Nintendo’s currently overhauling its rewards program from Club Nintendo to a new service, and at a recent investors’ meeting, President Satoru Iwata revealed some more details about what to expect from the new program. And mobile will definitely be a part of it:

What we are aiming to establish is not a simple extension of the existing loyalty program but a loyalty program with, say, the entertainment elements where the members feel that they have received certain rewards as a result of not only their purchases but also the history of their gameplay and how each consumer has interacted with others. Since it is impossible to define the requirements for this sort of loyalty program 100 percent in advance, we see it very advantageous that we are able to work with DeNA who will be able to flexibly deal with such requirements.

It will be interesting to see just what this encompasses. Club Nintendo had some fantastic rewards. Who knows what exactly will come from this rewards program, or how you’ll earn anything – even Nintendo doesn’t know – but if I can earn cool Nintendo swag without buying several $40 games a year that I won’t even play that much anyway, then sign me up! I much prefer the idea of earning loyalty points not just for buying stuff, but also for playing games and doing things that show that you’re loyal to Nintendo, and getting great rewards in return. It’s kind of the free-to-play thinking. A customer’s value and loyalty isn’t just about how much money they spend. If you’re out there playing the games, telling people about them, and giving other people implicit reasons to spend money, you may be as valuable as the person who does spend a lot of money.
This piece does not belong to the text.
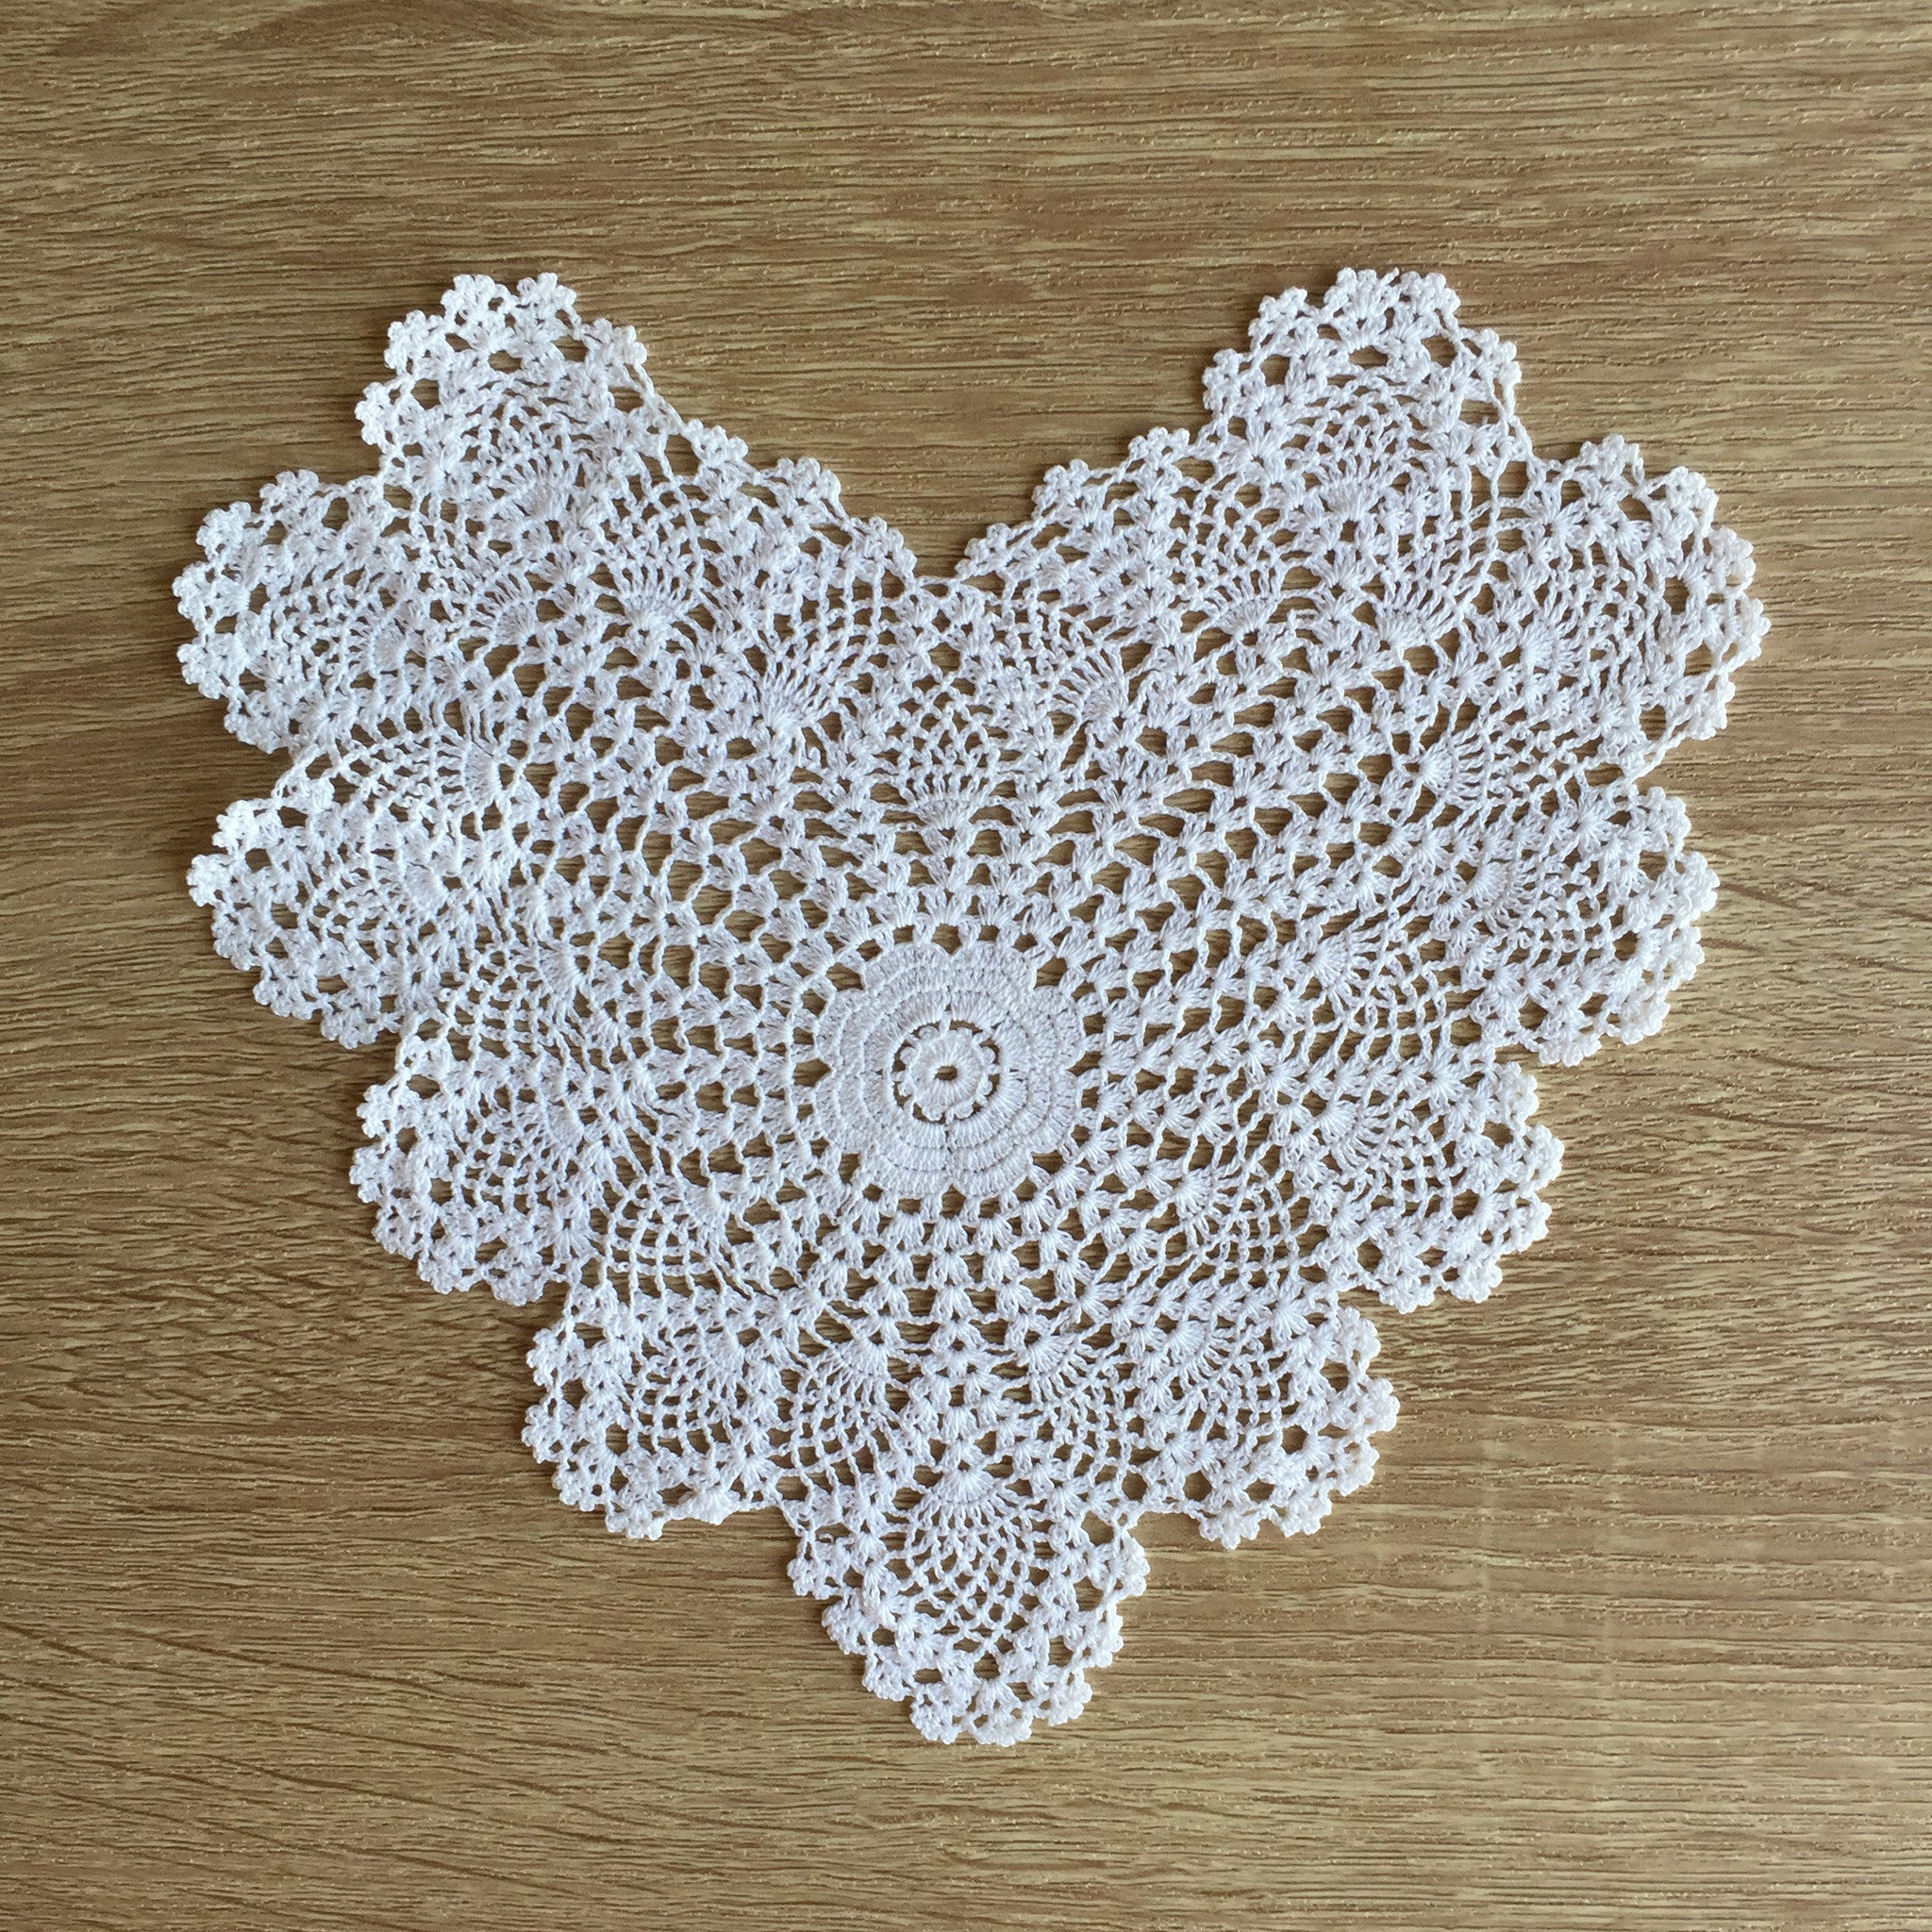 Pineapple Heart Shaped Doilies White 8" Inch Set of 12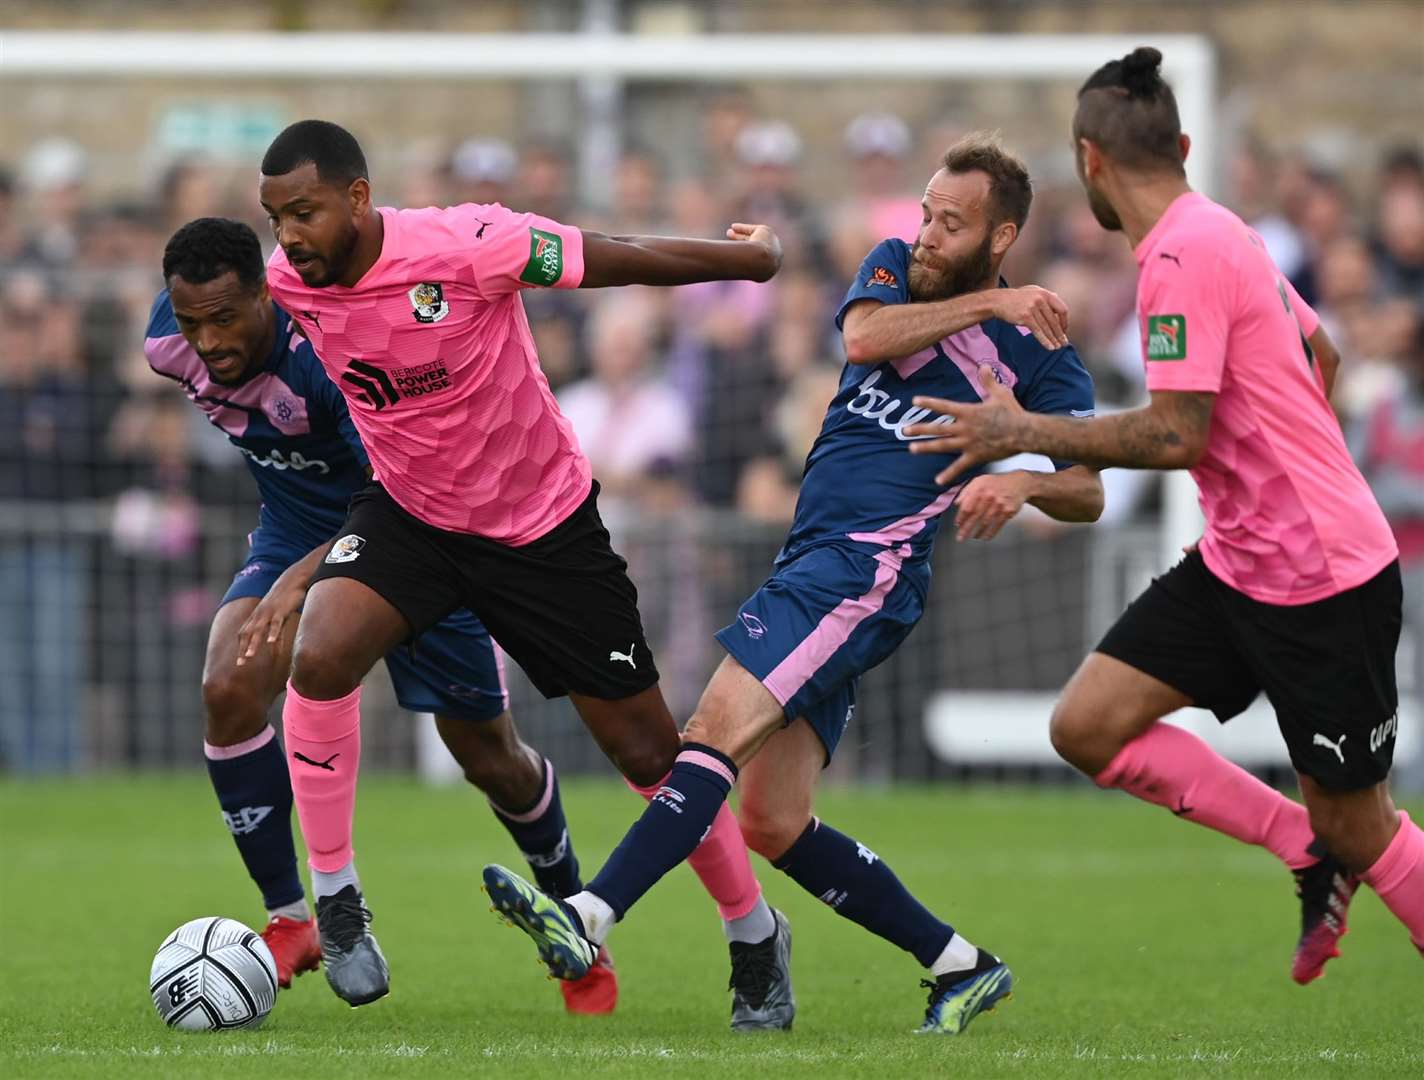 Keiran Murtagh charges through the midfield for Dartford against Dulwich. Picture: Keith Gillard

And Nintendo wants to reward you for that.

Nintendo Co's President Iwata poses with company's Wii U gaming controller at company headquarters after an interview with Reuters in Kyoto

But it is interesting to see Iwata talk about how Nintendo might have screwed up the last few years and how they weren’t ready for mobile gaming to become the juggernaut it is now:

Also, when we were designing them, we did not have the idea of building a bridge between smart devices and dedicated video game systems and, at least five years ago, we could not foresee that smart devices would have increased in significance to be the dominant window through which consumers connect with one another and society. When we look at Nintendo’s current network services from this perspective and others, they look like patchwork. They are not ideally designed for user convenience, and when we try to improve one, we have to modify not only the portion directly related to that service but also other seemingly unrelated components, so it cannot be done easily. In other words, we have many ideas that we would like to realize but we have not been able to execute them as smoothly as we had hoped.

Nintendo’s getting ready for the future. And that includes their mobile games, however they turn out. Expect big things.